[[ Data block, beginning ]]

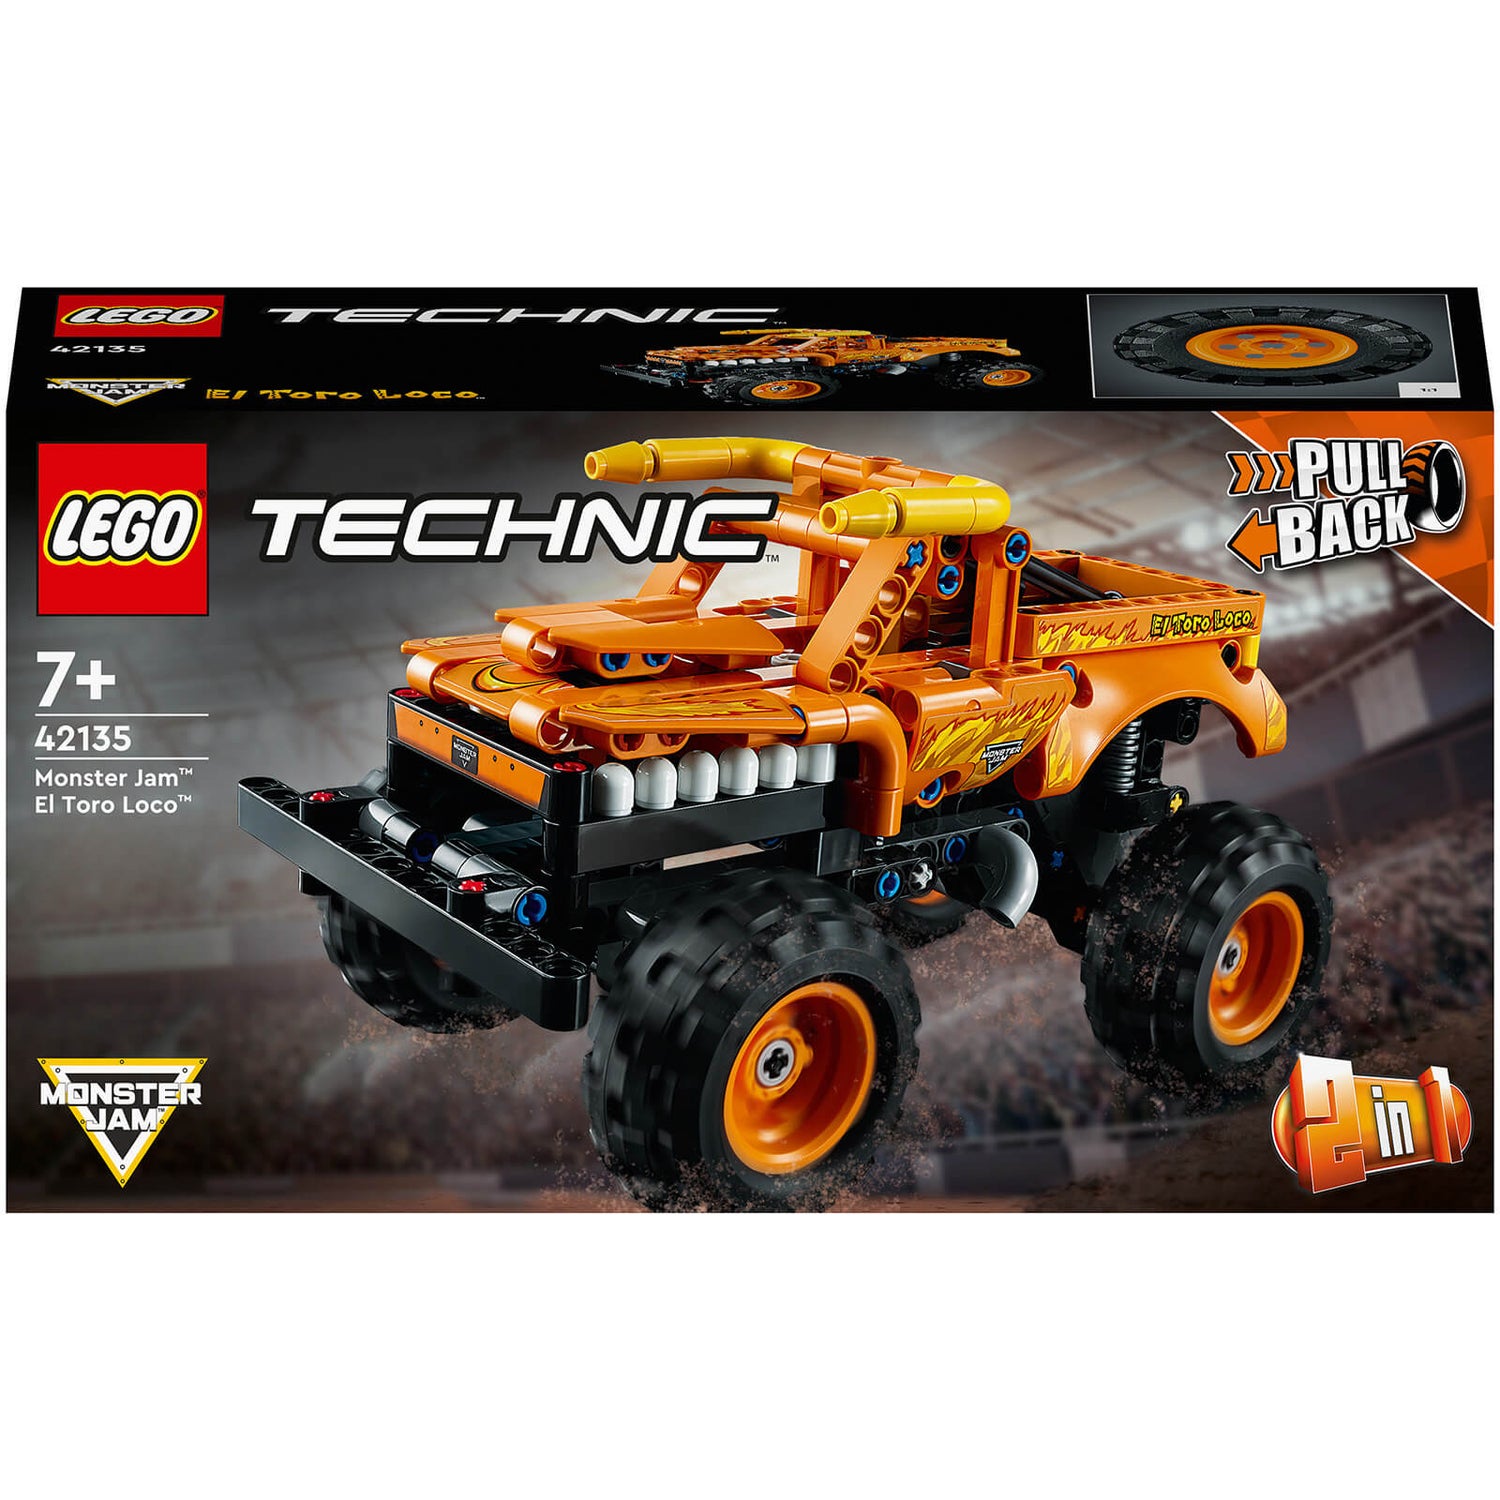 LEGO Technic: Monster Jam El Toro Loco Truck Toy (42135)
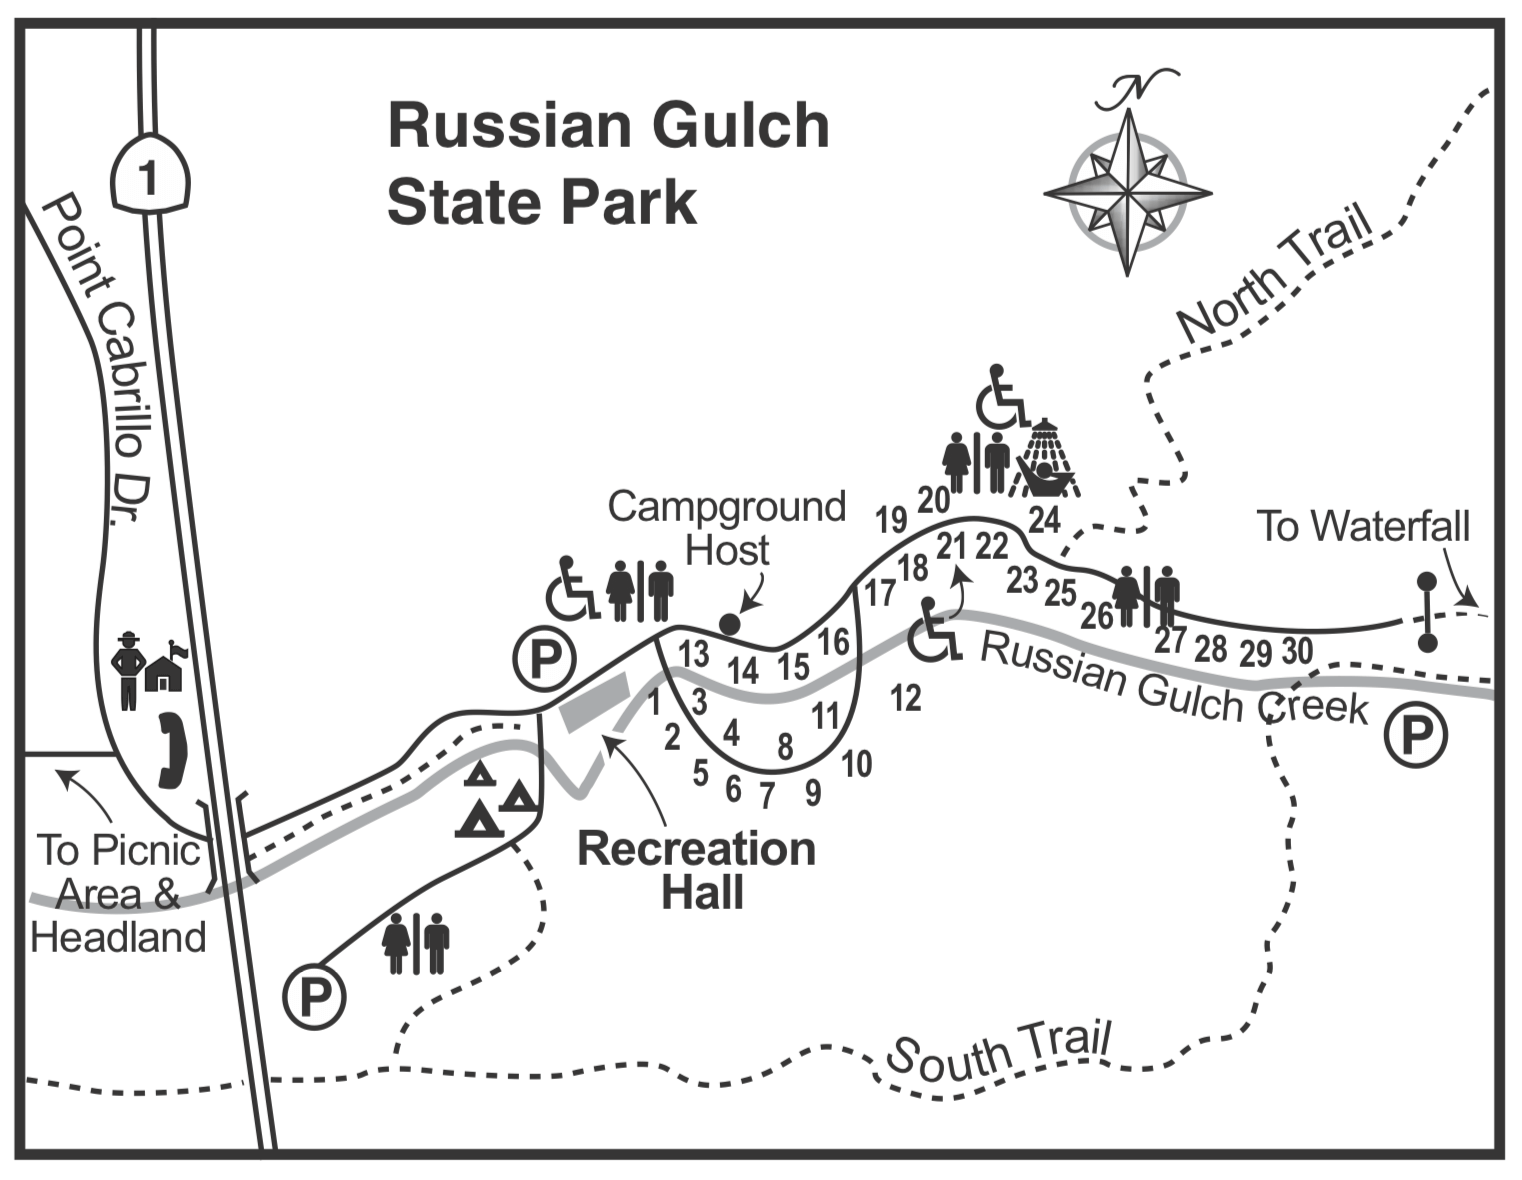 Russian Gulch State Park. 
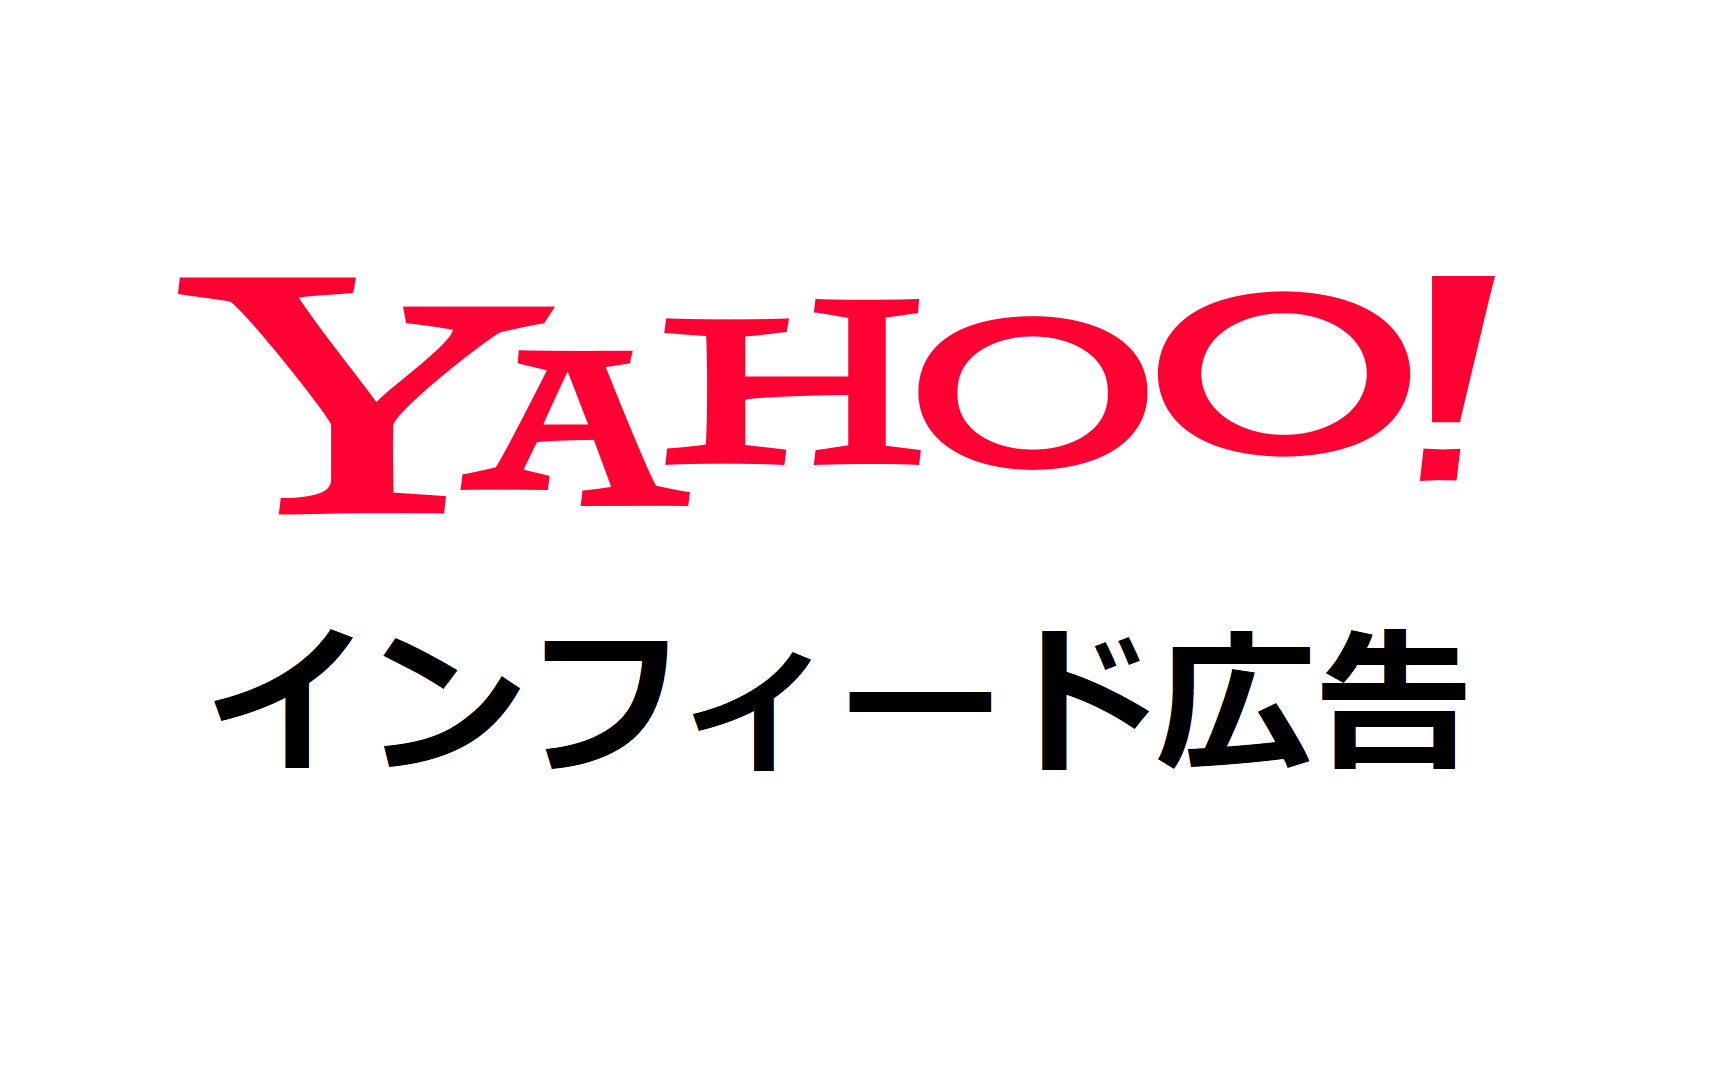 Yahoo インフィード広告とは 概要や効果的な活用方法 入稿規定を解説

[[ Data block, end ]]

### [What the exercise asks]
Reproduce, word for word, every line from the one that contains "Russian Gulch State Park." to the end of the data, including both ends; omit all pictures.

### [Task output]
 Russian Gulch State Park. 
 Yahoo インフィード広告とは 概要や効果的な活用方法 入稿規定を解説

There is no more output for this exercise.